## What the exercise asks
Going down the listing below, print exactly each line from the one with "Camisa Polo Lacoste" up to and including the one with "Table 180x100cm QUEBEC", and skip the rest.

## Material shown
━━━━━━

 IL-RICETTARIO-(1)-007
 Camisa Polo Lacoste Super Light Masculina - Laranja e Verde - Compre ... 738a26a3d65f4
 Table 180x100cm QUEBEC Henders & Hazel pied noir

━━━━━━

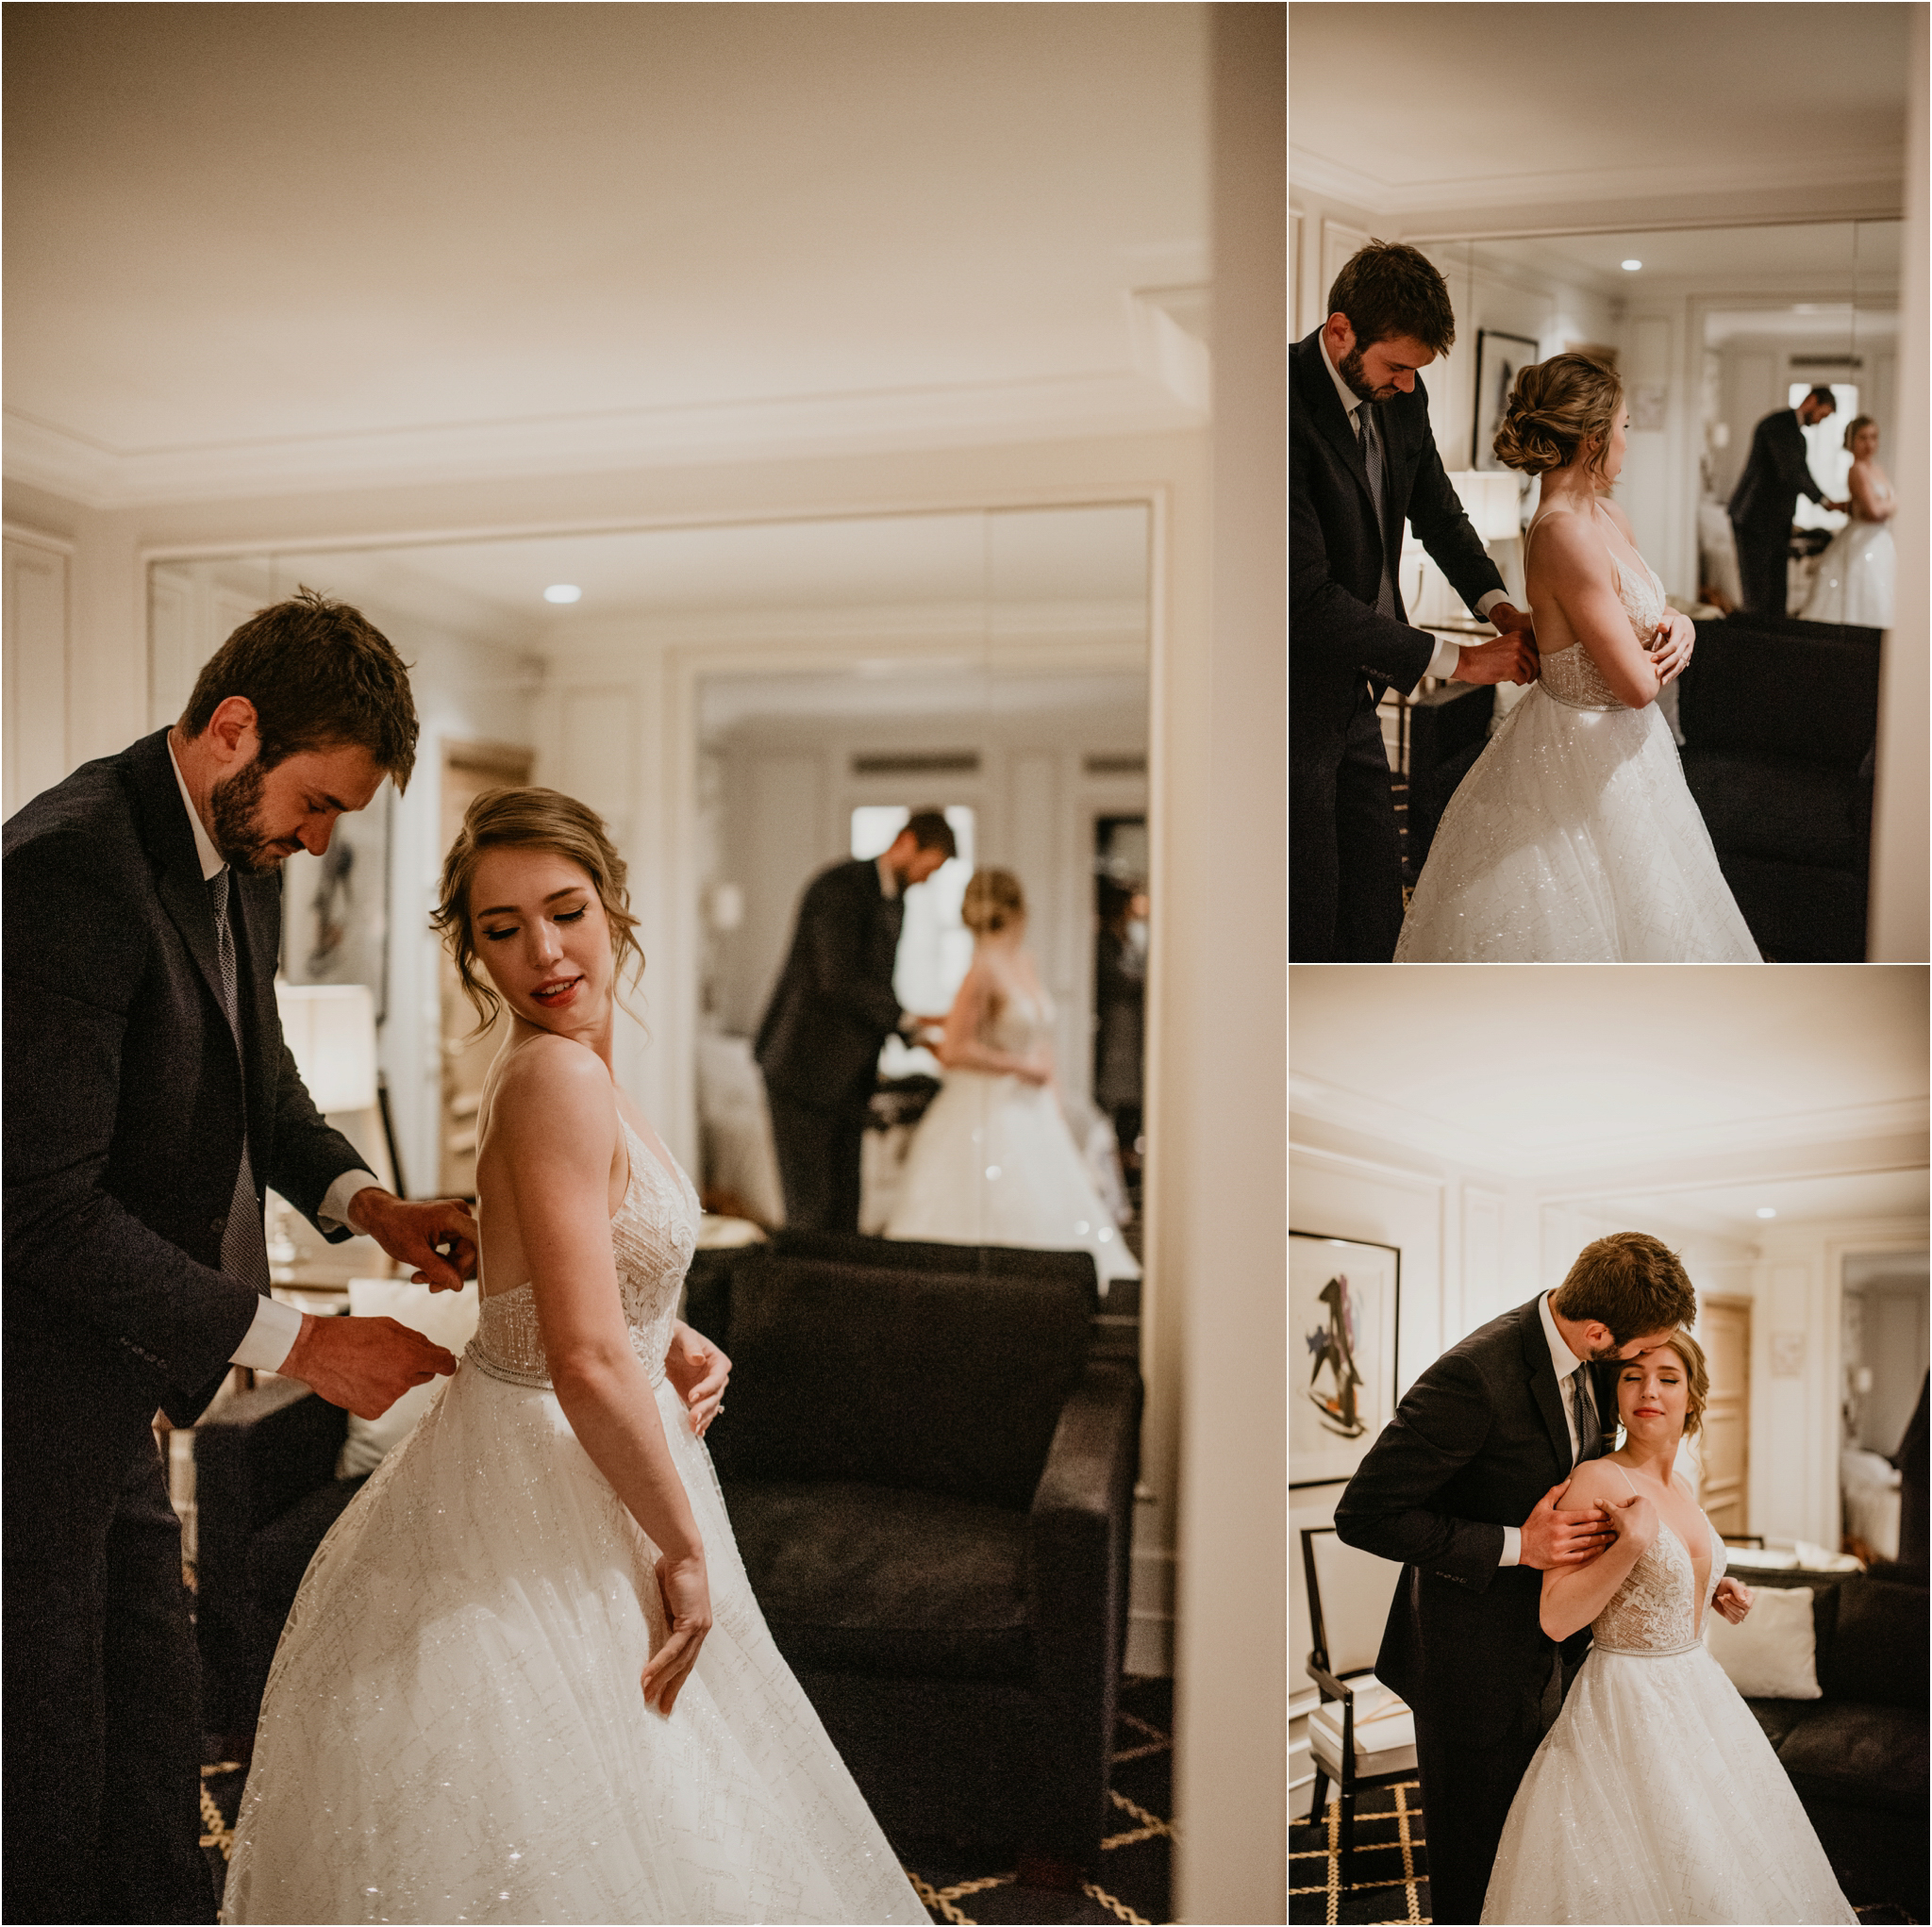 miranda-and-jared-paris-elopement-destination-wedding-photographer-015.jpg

━━━━━━

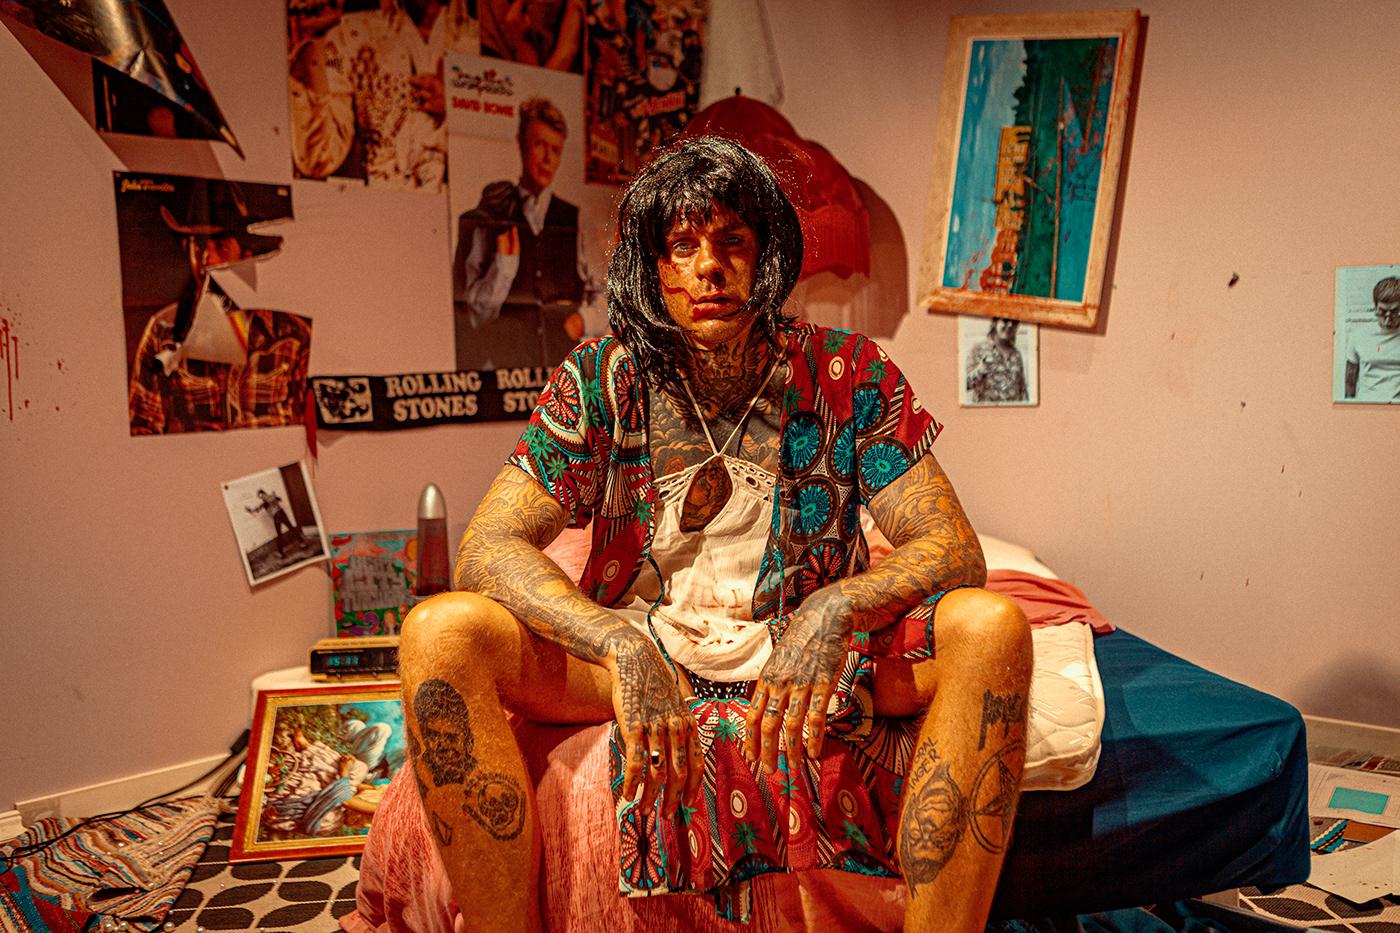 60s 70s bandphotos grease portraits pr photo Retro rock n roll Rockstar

━━━━━━

## Exercise solution
 Camisa Polo Lacoste Super Light Masculina - Laranja e Verde - Compre ... 738a26a3d65f4
 Table 180x100cm QUEBEC Henders & Hazel pied noir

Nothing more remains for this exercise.